Ancient Gnosticism: Traditions and Literature. By Birger A. Pearson
Article first published online: 8 JUN 2009
© The author 2009. Journal compilation © Trustees for Roman Catholic Purposes Registered 2009
The Heythrop Journal
Volume 50, Issue 4, pages 700–701, July 2009
How to Cite
Meconi, D. (2009), Ancient Gnosticism: Traditions and Literature. By Birger A. Pearson. The Heythrop Journal, 50: 700–701. doi: 10.1111/j.1468-2265.2009.00501_4.x
- Issue published online: 8 JUN 2009
- Article first published online: 8 JUN 2009
Pp. xv, 362 , Minneapolis, Minnesota : Fortress Press , 2007 , £12.00/$25.00 .
Birger Pearson has been researching and writing on what we today call ancient Gnosticism for almost half a century now. He is emeritus of Religious Studies at the University of California at Santa Barbara and he admits that this is his first introductory sketch of the primary figures and central texts of gnostic thought. P. accordingly begins by defining Gnosticism, providing a brief historical sketch of modern academe on the subject (the term ‘Gnosticism’ as it is used today was coined in the 17th century by Henry More, the mystic and theosophist of the Cambridge Movement). As such, this monograph proves to be an indispensable survey which will serve as a standard volume for any student of late antiquity.

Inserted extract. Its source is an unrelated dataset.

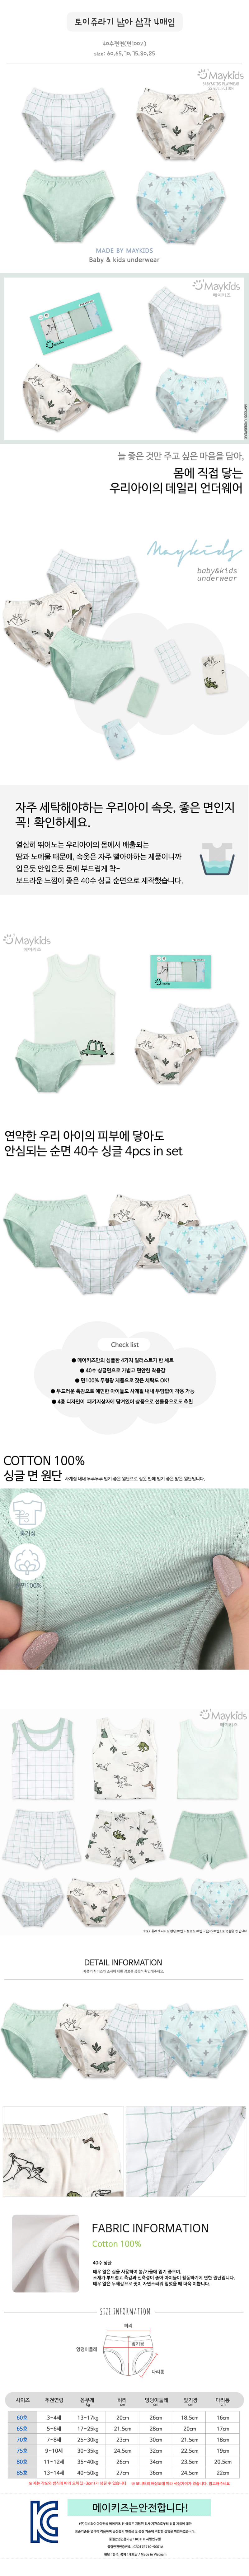 Maykids - Korean Children Fashion - #todddlerfashion - Toy Underwear
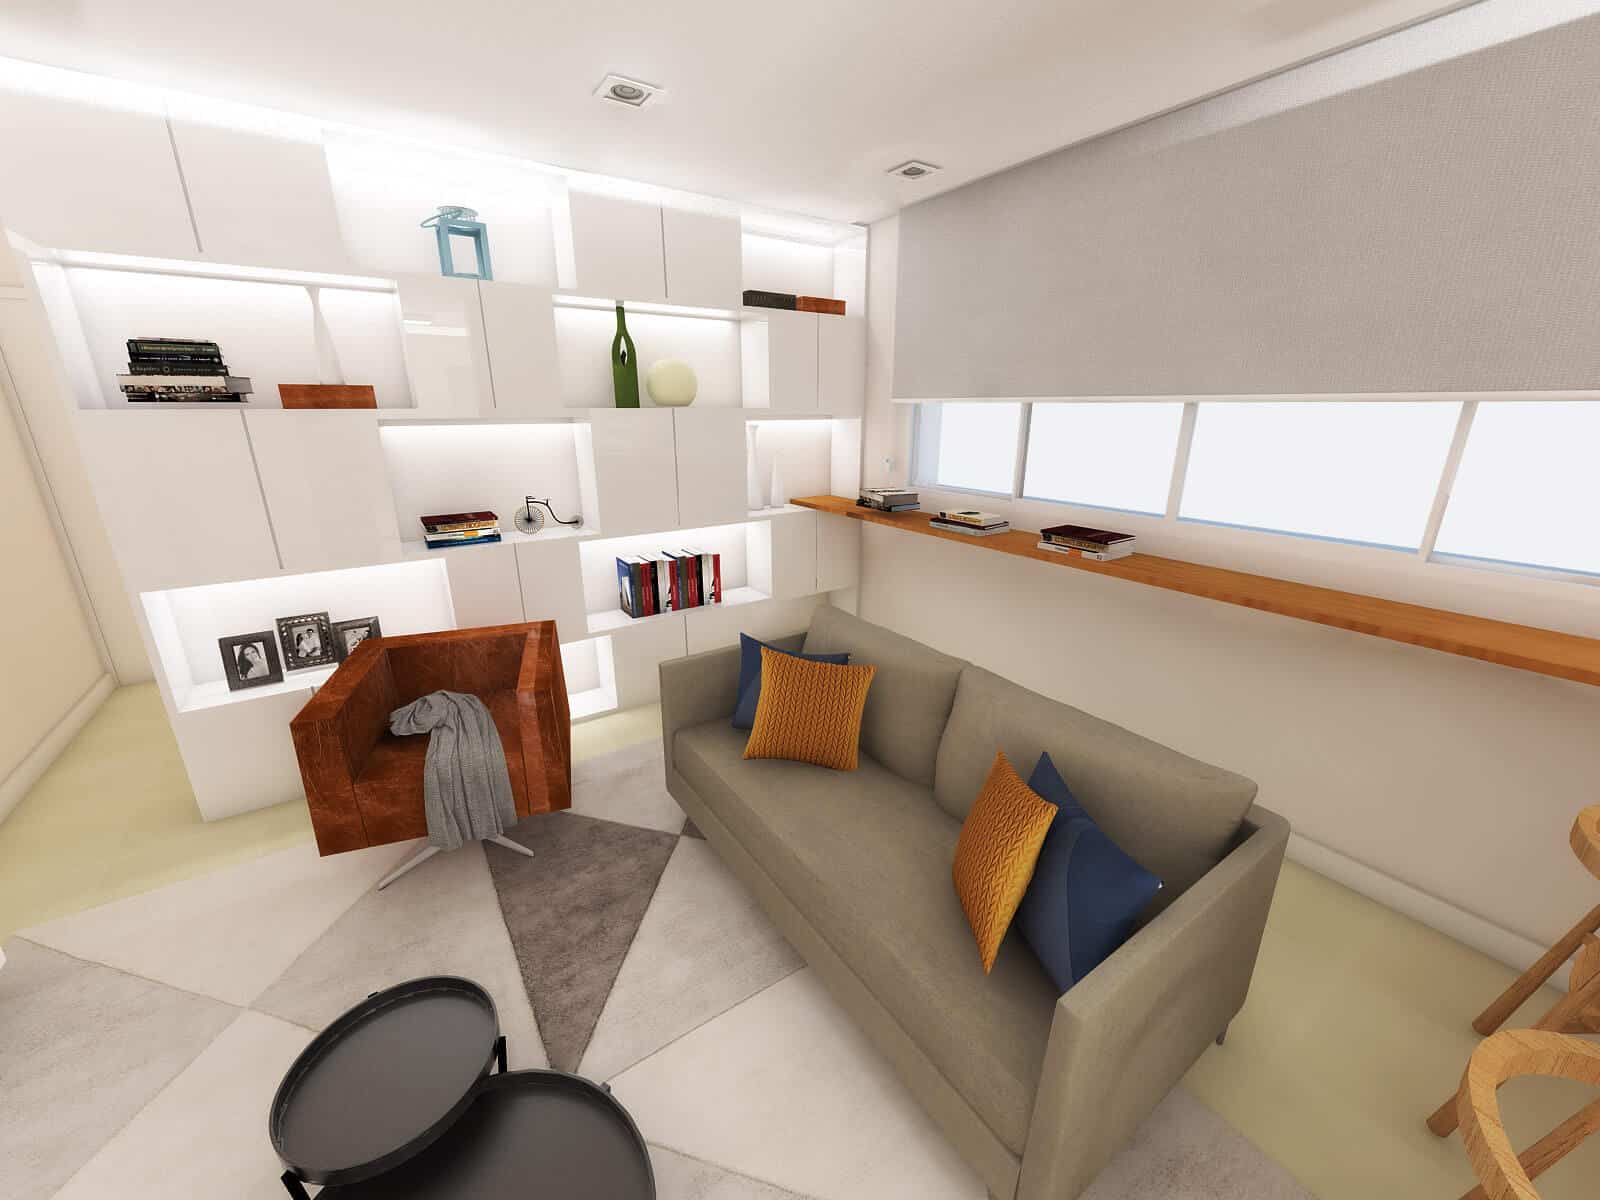 3D da sala do apartamento H&C, refletindo o estilo contemporâneo e elegante do casal

P. shows that the adjective gnositkos was coined by Plato (Statesman 258E) to mean simply a kind of science, but was appropriated by many philosophical circles, and by the second century had come to mean a furtive or esoteric knowledge providing an otherwise unknown plan for salvation. P. hence writes that Gnosticism is a saving kind of knowledge which ‘comes by revelation from a transcendent realm, mediated by a revealer who has come from that realm in order to awaken people to a knowledge of God and a knowledge of the true nature of the human self’(p. 12). This knowledge, P. continues, almost always reveals a myriad of dualisms: between a transcendent God and a lower deity who is puckishly responsible for the material realm, between the human soul and the repressive body, between male and female, and so on. Consequently, practically every gnostic system searches beyond all the lower gods so as to worship the one true (because devoid of all contact with the visible and corporeal) deity, deprecates the material order, and therefore aims to flee all that is limited and finite. While P. admits that such divisions are lessened in later gnostic thinkers, all Gnosticism is to some degree characterized by dualism and a plan for deliverance from such a hostile realm.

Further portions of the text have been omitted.